At a rally on the university’s campus in Washington, D.C., Moises Elias Montoya Alvarado and Norma Estela Mejia Castellanos, who work at Russell Athletics’ Jerzees de Honduras factory—which produces Georgetown logo apparel—described how the company closed the plant this past weekend and shipped the work to cheaper nonunion plants. The Jerzees de Honduras factory, located near Pedro Sula, Honduras, is the only unionized Russell plant in the country.
“We have been campaigning for a year and a half to end the abuses in our factory and ensure that we are treated with dignity and respect,” said Montoya Alvarado.
Because I have stood up for my rights and the rights of my co-workers, I have been the subject of violent retaliation, including death threats written on the factory walls and threatening notes left at my sewing machine. I came here today, together with these students, because Georgetown has the power to help put an end to the abuses and death threats that my co-workers and I face at home.
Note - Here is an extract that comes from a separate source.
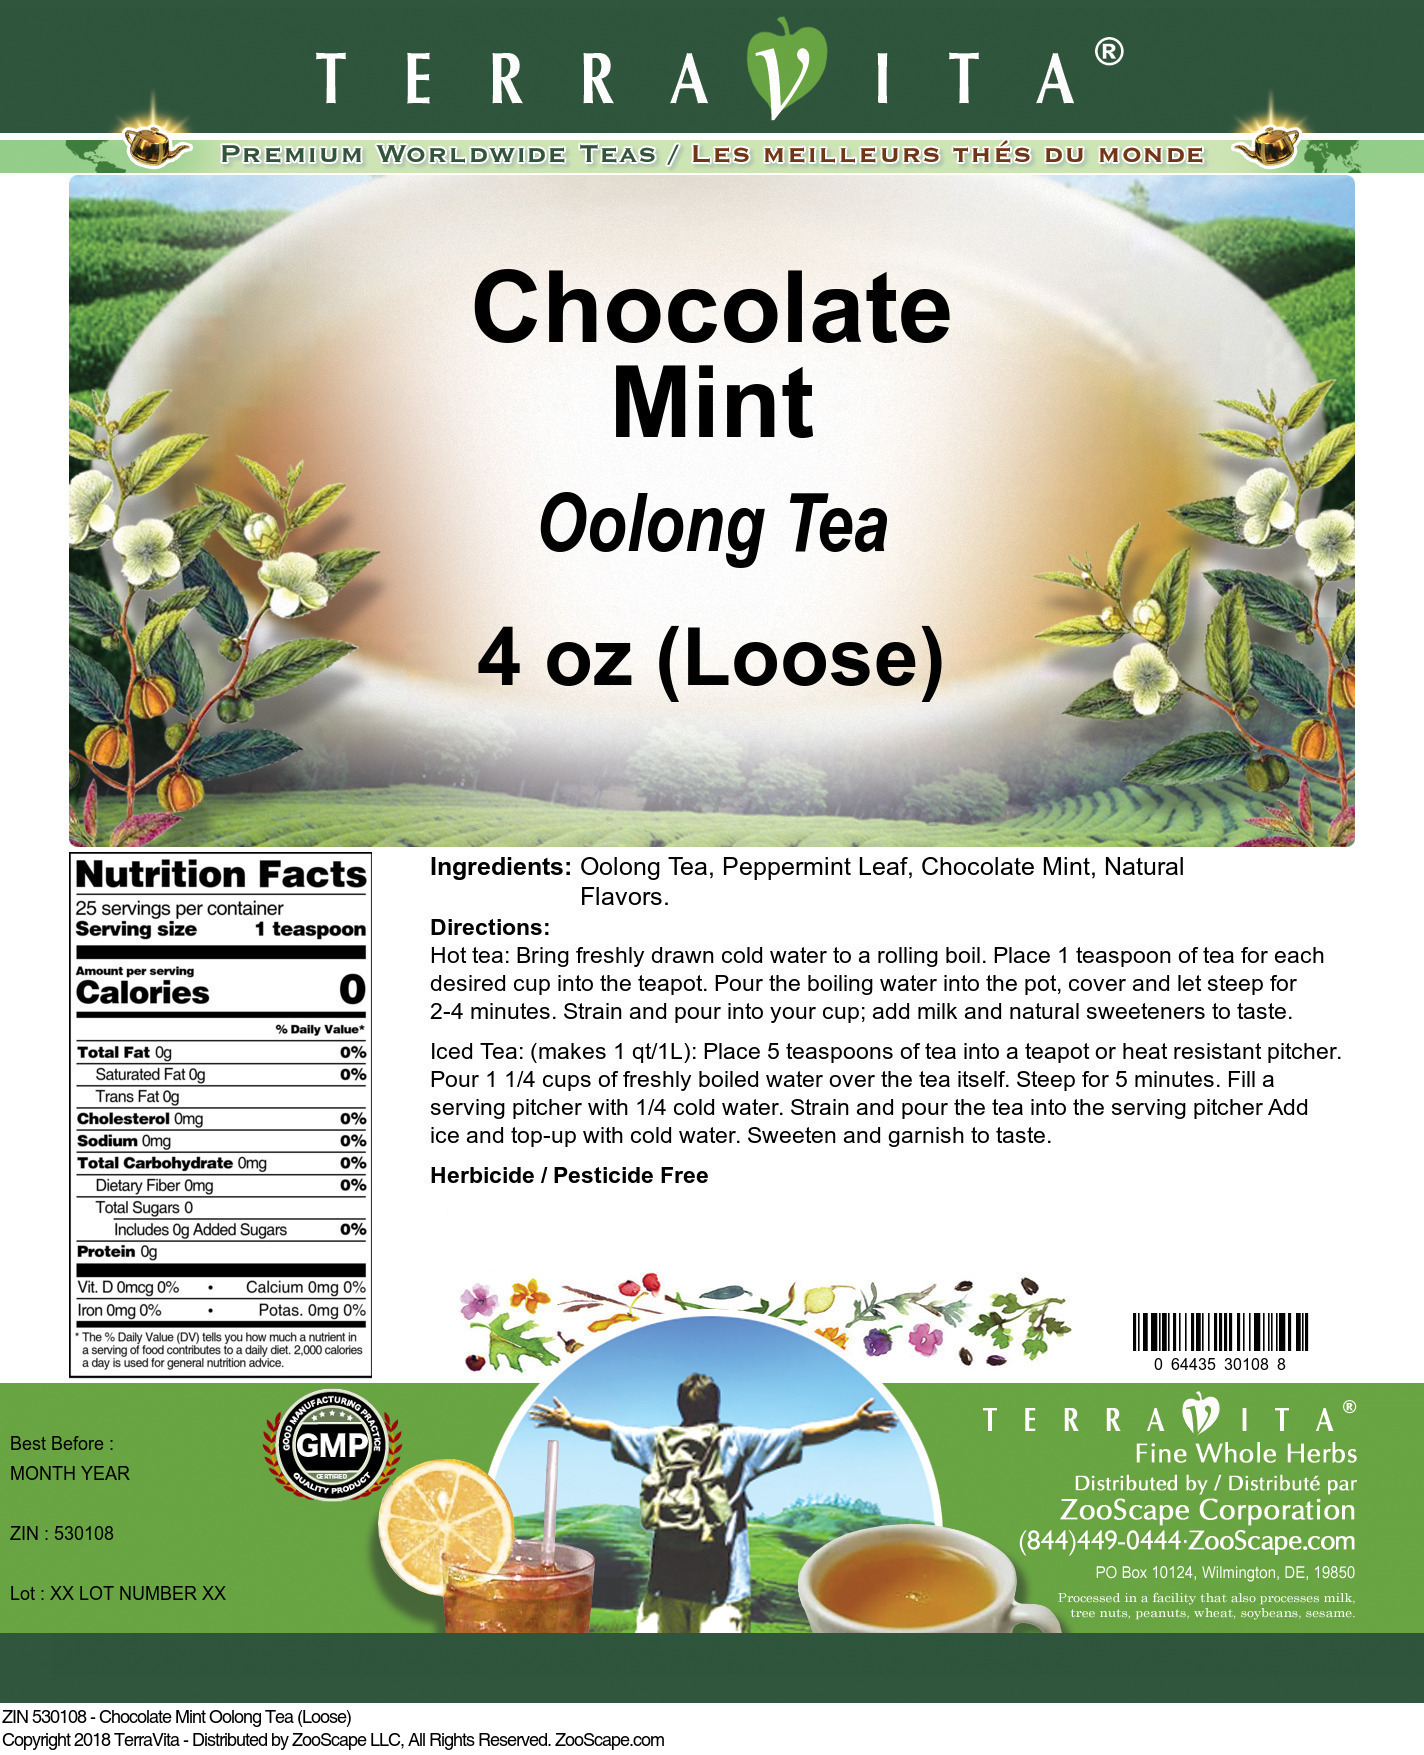 Chocolate Mint Oolong Tea (Loose)

Russell announced its plan to close the plant in October 2008. Prior to the closing, several universities including Miami of Florida, the University of Minnesota and Georgetown, urged the company not to close the plant or delay the action.
The Georgetown students say closing a factory due, partially or wholly, to the formation of a union is a violation of the school’s codes of conduct for apparel production. They delivered a letter to university President John DeGioia, urging him to immediately cancel the school’s apparel deal with Russell.
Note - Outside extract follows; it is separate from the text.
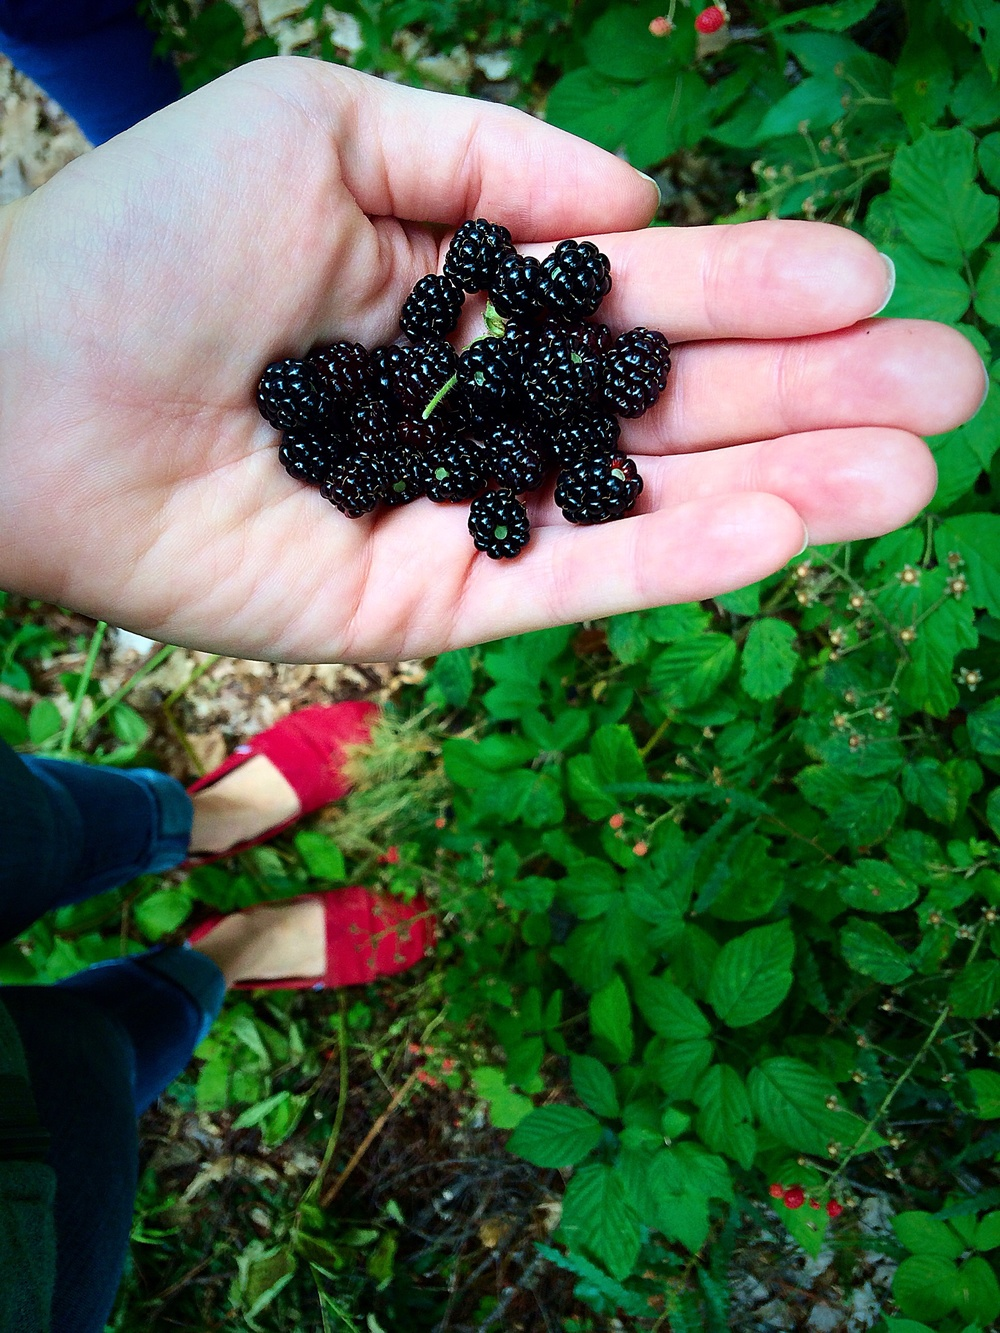 Foraging for wild blackberries

Marley Moynahan, a sophomore at Georgetown and a member of the Georgetown Solidarity Committee, an affiliate of United Students Against Sweatshops, says it’s the right thing to do.
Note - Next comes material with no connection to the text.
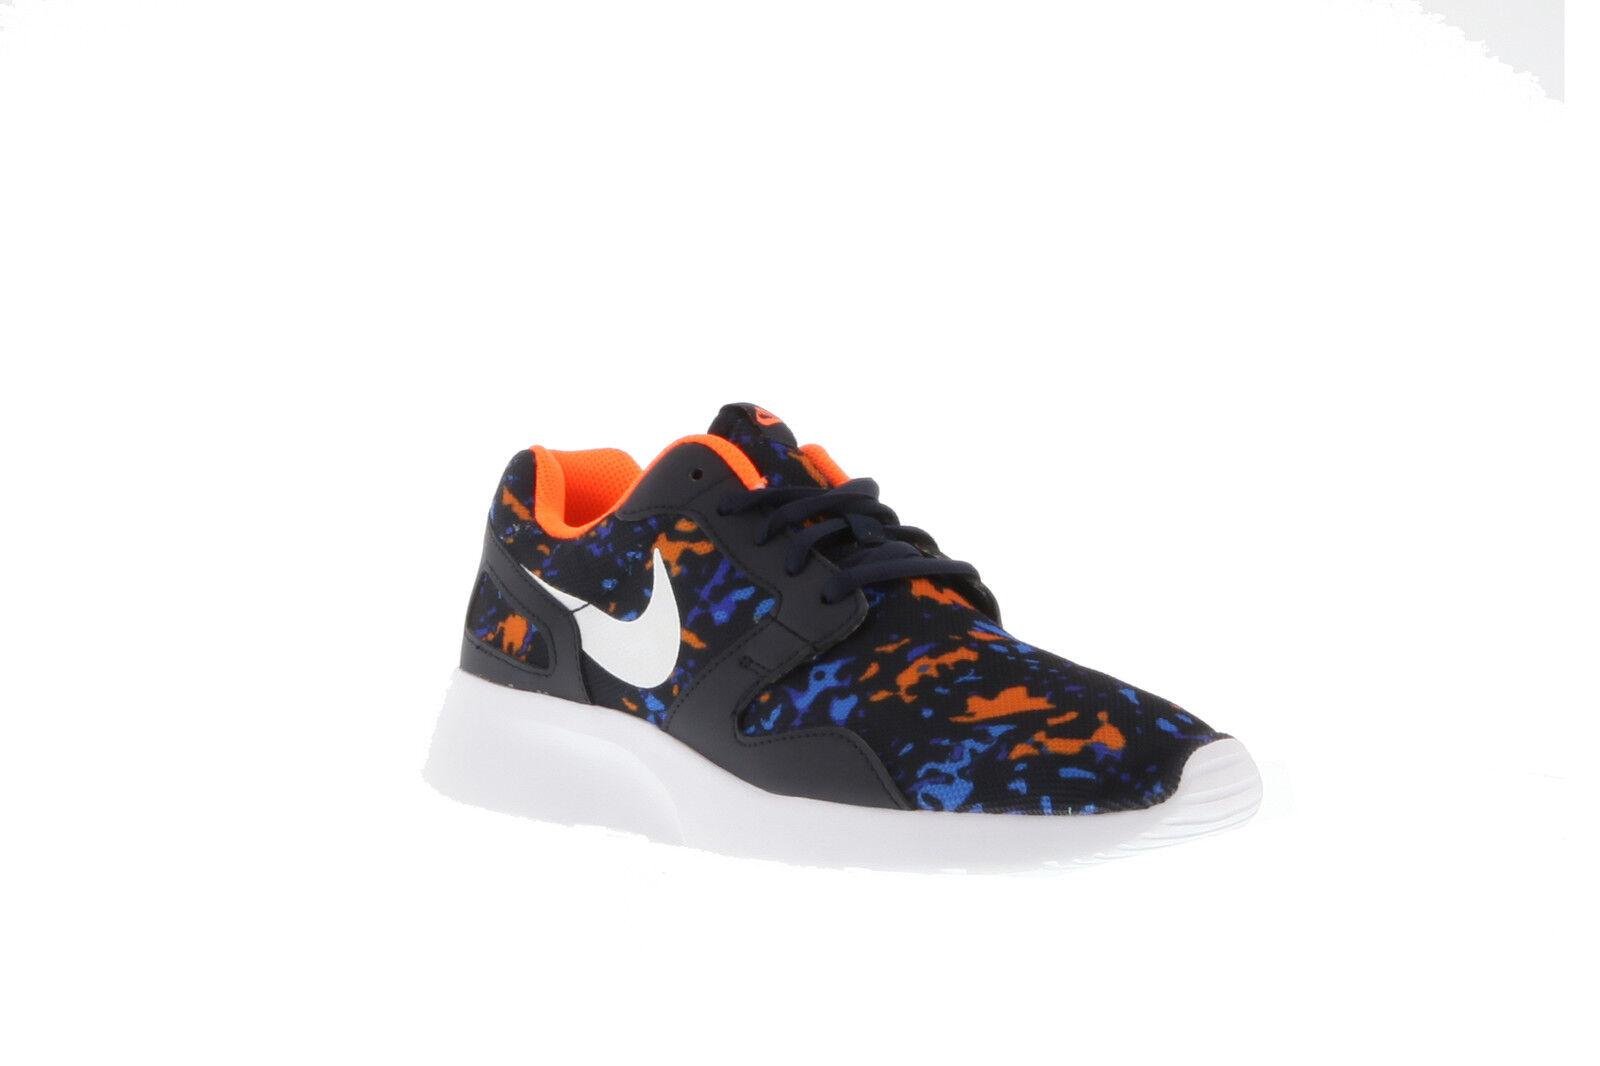 Brand New 100% Authentic Nike Kaishi Print Sneakers (705450-418) Men's Sizes

As a Jesuit university, we expect our campus community and Georgetown as an institution to be a leader in worker rights and to stand in solidarity with those whose dignity is neglected and whose voices are being suppressed. Georgetown should remain true to its contracts and its codes of ethics.
The University of Miami, a major licenser of logo apparel, already has terminated its licensing deal with Russell over the violations, and other universities are considering similar moves, Moynahan says.
Russell is the largest supplier of athletic team uniforms in the United States and also sells sweatshirts, T-shirts, fleece and other casual wear throughout the world. It has more than $1 billion in annual sales and employs more than 15,000 employees worldwide.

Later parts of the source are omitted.